Lithium Battery Safety Rule 3 - Ask, Learn, And Discuss
The internet is an excellent source of free information. Check Facebook and Discord for battery communities. There are literally hundreds of thousands of people willing to help you right now and for free. You can even join our Facebook Group and get help and guidance from people in real time!
There are also plenty of forums and other communities that are not on traditional social media. A quick Google search for ‘electronics community’ or ‘battery building forum’ will turn up some useful results. The DIY Solar Forum, Endless Sphere’s forum, and Second Life Storage are three that I highly recommend.
So, get out there and be a part of the community. Don't be afraid to ask questions. Who knows, maybe one day after you learn more about the field, you could help someone else.
Lithium Battery Safety Rule 4 - Take Your Time
Don't be in a rush! Remember, no one is making you build this battery and it's definitely not a race. So, take your time and plan well when approaching these things, they are dangerous!
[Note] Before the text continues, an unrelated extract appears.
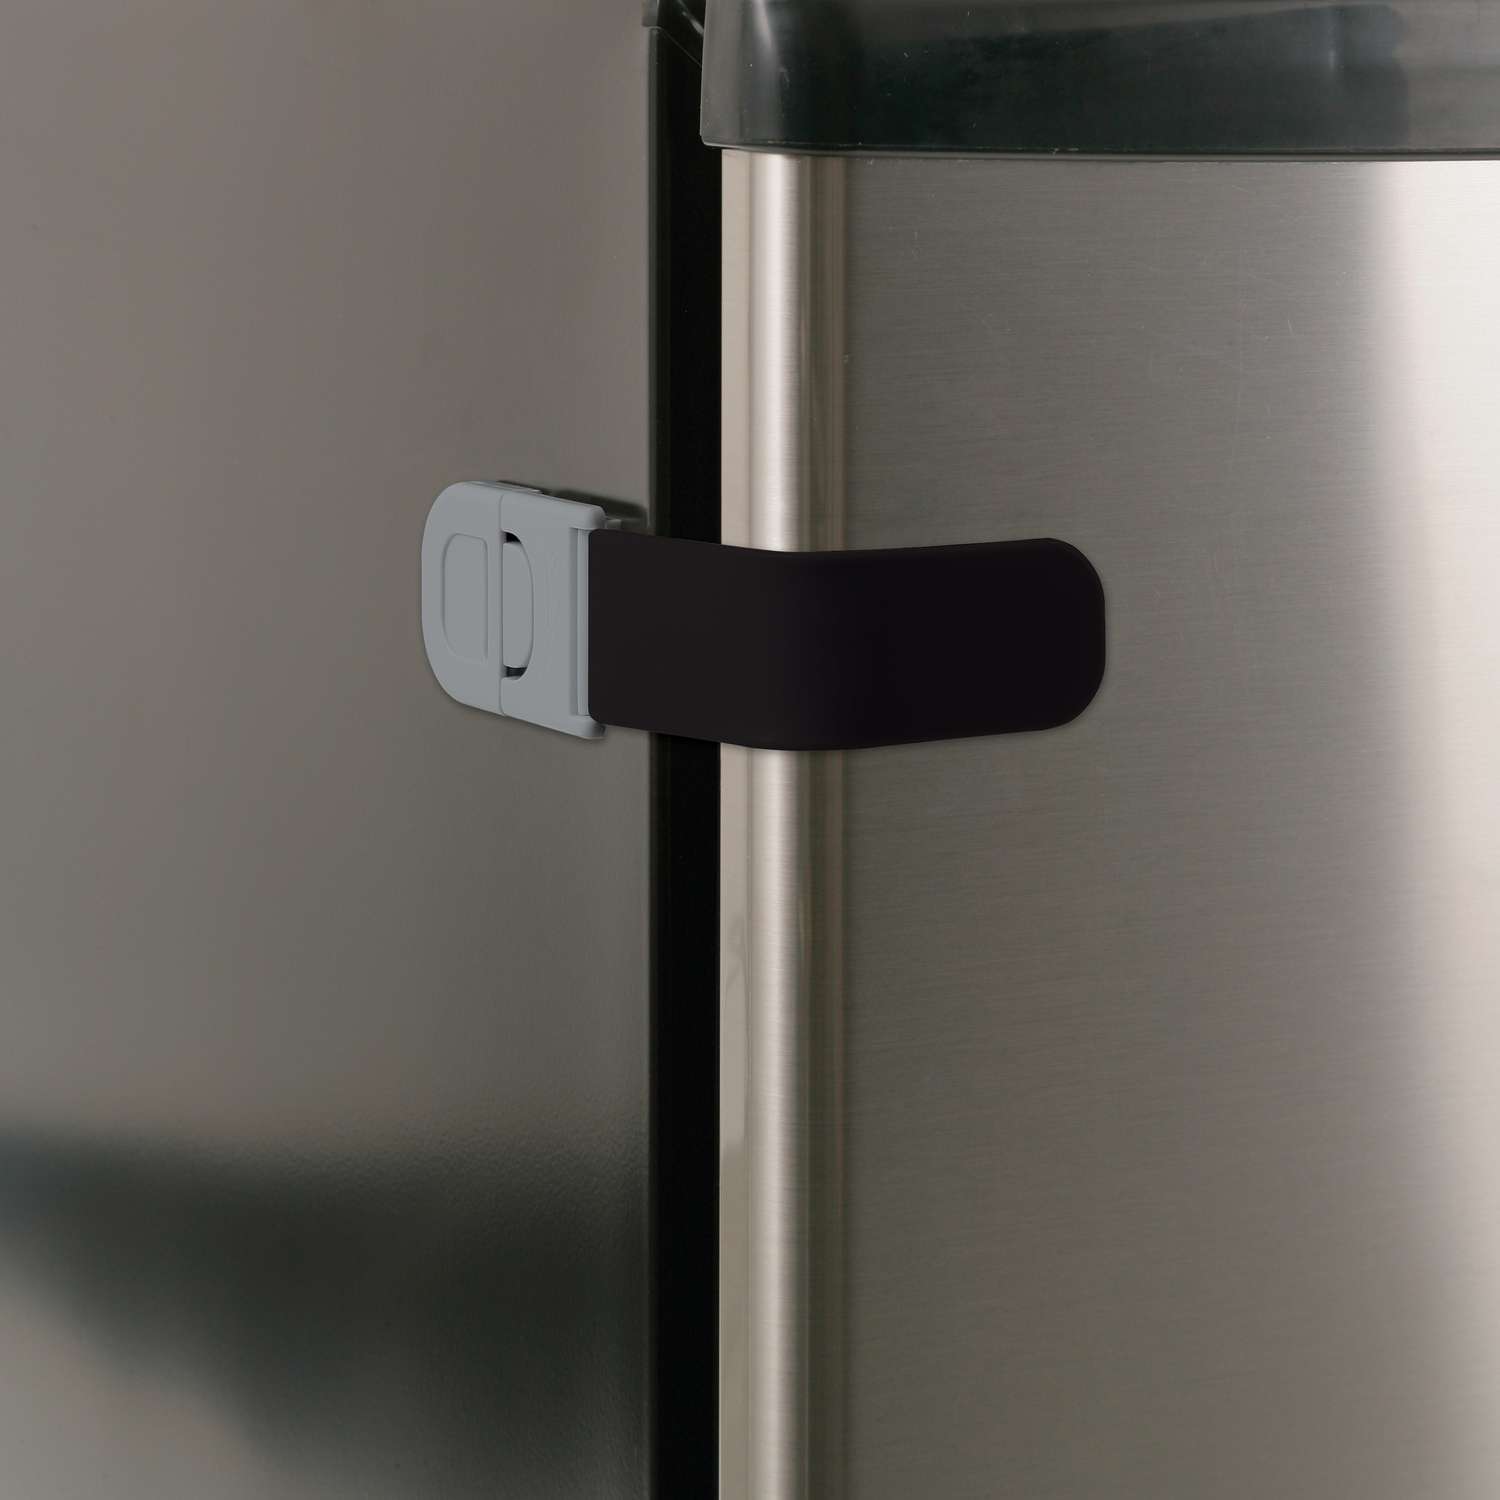 Refrigerator Open Proof Safety Lock Security Cabinet Door Locks for Kitchen  Household Dishware Baby Proofing Door Locker - AliExpress

It's very helpful to use some of the tools we've built to help you in the process. Our battery pack calculator is a great resource to virtually build your pack before you start your actual build.
You know the old saying, 'measure twice cut once'. Check, double-check, and triple-check your wiring, fuses, connections, and welds.
Lithium Battery Safety Rule 5 - Keep Your Eyes On Your Projects
While you are still becoming familiar with electronics and batteries, it's easy to make simple mistakes. The problem is, that those simple mistakes can cause big, hot fires. So, until you get a handle on things, make sure to not charge or discharge your battery projects unless they are within eyeshot.
If you can't keep a project within eyeshot safely storing your lithium pack until you can is an easy way to keep things safe.
This may sound inconvenient but it’s very important when you are just starting to learn. After some amount of time, you will be able to leave your projects unattended, but for now, it’s best to keep an eye on them.
Lithium Battery Safety Rule 6 - Know What To Worry About
When it comes to working with batteries, there are some things that you have to worry about, but there are other things that you shouldn't. In fact, When it comes to battery safety, the most important factors are the maximum current draw, maximum battery pack temperature, and maximum cell charge voltage. The most common thing we battery builders run into is shorting something, make sure wires don't cross and you don't drop anything metal.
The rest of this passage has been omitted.